Lesson Learned in Scaling Django Admin

In this post, I will summarize my recent lesson learned on scaling django admin site.

The motivation of scaling django admin site is the slow loading of the admin view when the backend table has more than millions of records. Even, for those quite large tables, they may reach the nginx proxy timeout and raise 502 bad gateway error. As we know, infinitely increasing the timeout is not a good practice in real deployment. The disadvantages of increasing timeout include the delay of failure showing up and awful user experience while waiting for the pages spanning for requests. So the better solution here is to scale django admin site.

Silk

The first thing to introduce is silk for django application profiling. After right configured in django as a middleware. We can easily get access to a silk interfaces via localhost:8000/silk(We normally do the local profiling for development). In this page, we can see the request profiling of localhost:8000. It includes some key info like total time of a specific request, sql statement required for the specific request, and execution time and number of joins of each sql. So with this profiling tool we can easily see the bottleneck of each request and find out the improper implementation of the admin site.

Paginator

All data you see from a website is coming from the storage system. Thinking in this way, we can easily imagine that the paginator of each admin view requires total number of records, which involves a count query over the whole table. For a table with millions of records, count query will take a while. So for the admin view for large table, we can try to avoid the count step. In django, the count step is under paginator object. We can override the paginator attribute of admin object by following block of code.

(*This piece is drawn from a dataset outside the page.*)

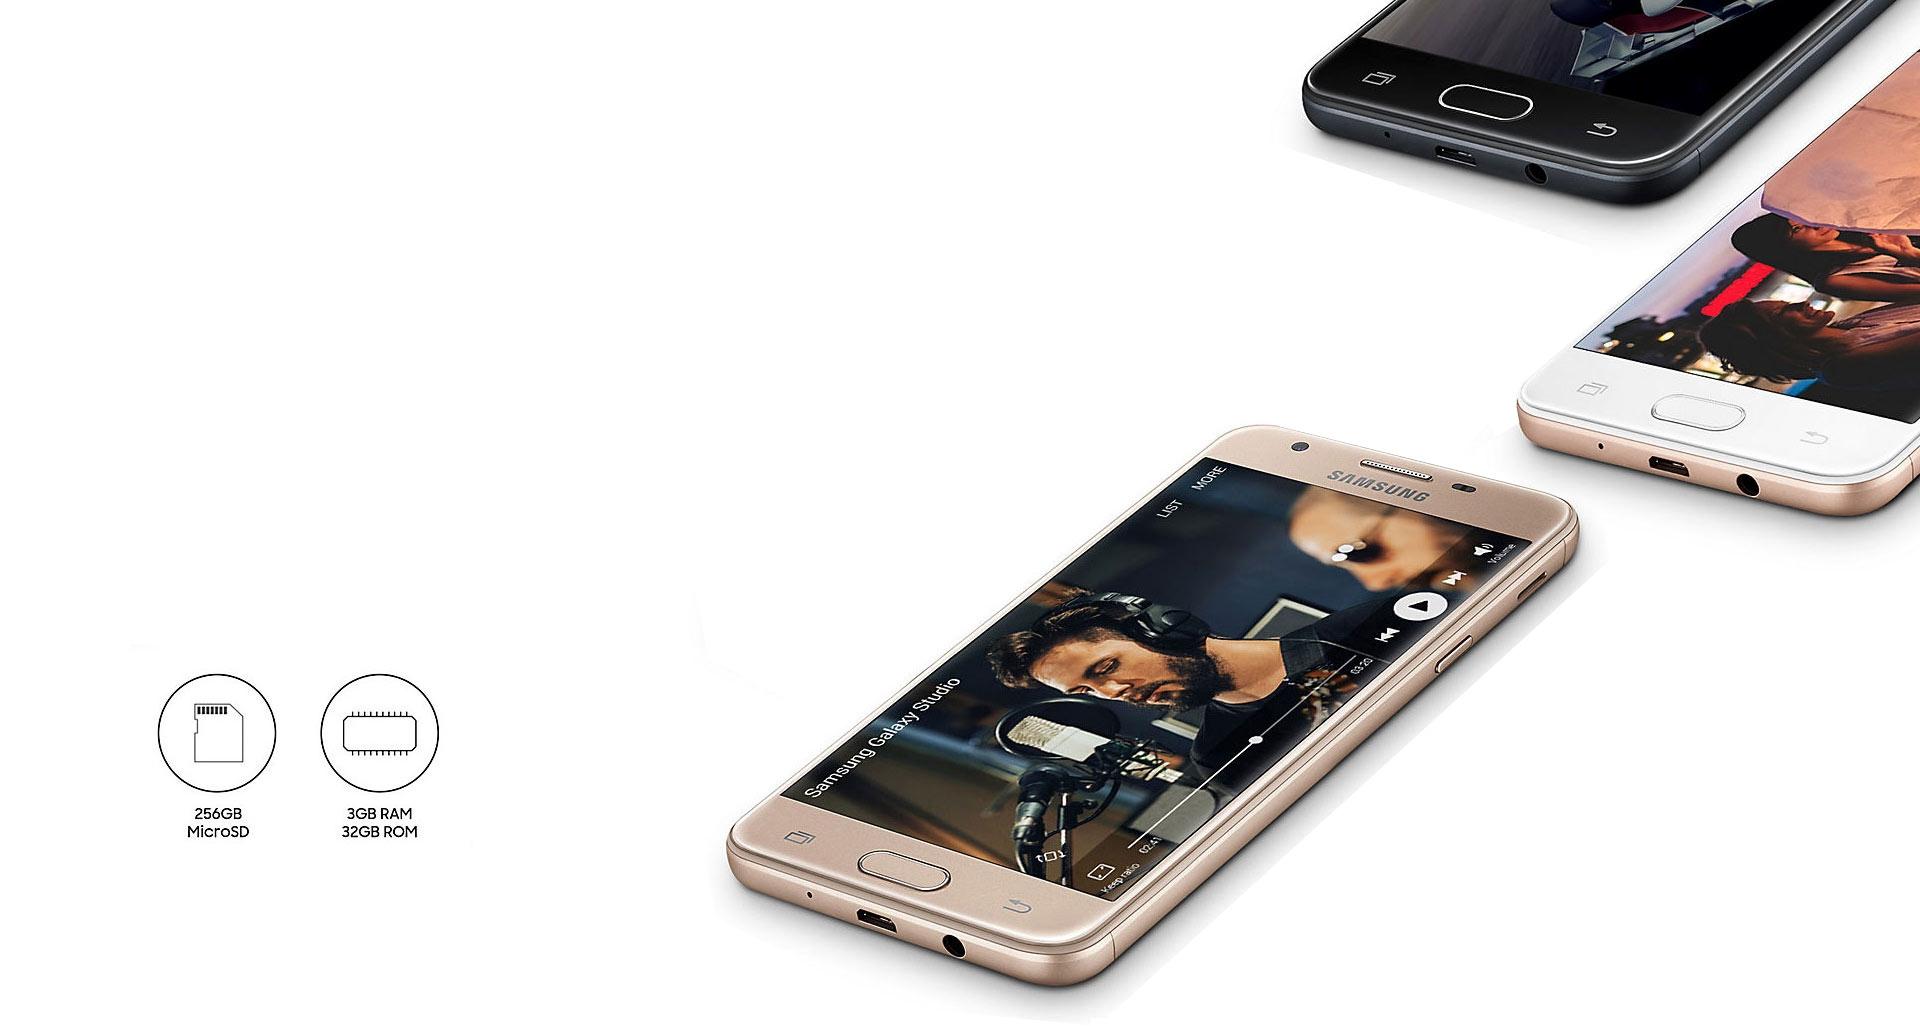 عملکردی سریع و آسان با گوشی G5700 سامسونگ

from django.contrib import admin
from django.core.paginator import Paginator

class BigTablePaginator(Paginator):

    @property
    def count(self):
        return 9999999


class BigTableAdmin(admin.ModelAdmin):
    paginator = BigTablePaginator
    show_full_result_count = False

For every large table admin, we can inherit on this BigTableAdmin. In this way, we can get ride of the time spending on count query.

N + 1 Query

N + 1 query is one issue people might easily oversee. For a table with foreign fk from another table, if we don’t select related object(in ORM perspective) in advance, a request of displaying the whole table will involve join queries with the same number of records with foreign object. In other words, the records will join one by one during the query. Such problem is called N + 1 query problem. To avoid this, we can select related object in advance by overwrite the get_queryset method under an admin object by following,

    def get_queryset(self, request):
        queryset = super().get_queryset(request)
        return queryset.select_related("foreign_object")

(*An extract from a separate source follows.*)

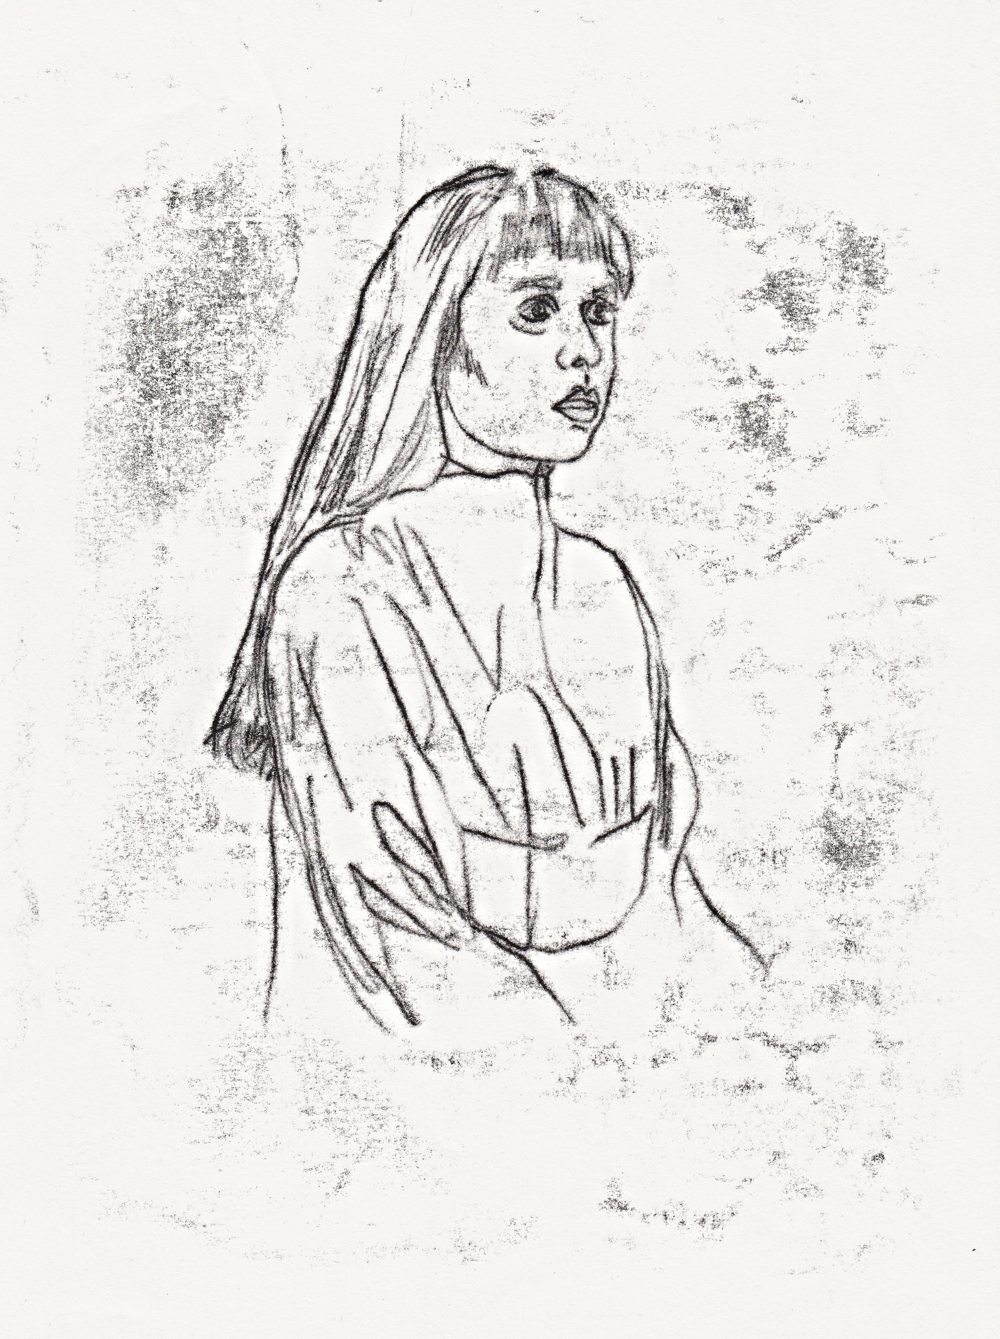 illustration by Elly Dallas

This will reduce significant number of joins and achieve the join within one query, definitely improve the speed of loading a site.

Use raw_id_fields or display id instead of objects

Even if we solve the N + 1 query problem, there is still a possibility that the all-in-one join query joins too many times across multiple tables. To avoid the join happens, we can also directly display foreign object id in the admin view or put the object inside raw_id_fields attribute of admin. Under this way, we can get rid of the big cost of join query.

Above all, these are the perspectives and measures we can take to scale django admin site. They should be enough for most of cases. If the admin site still has functionality issue due to the unscalability, we might need to consider partition of the existing tables and other distributed ideas.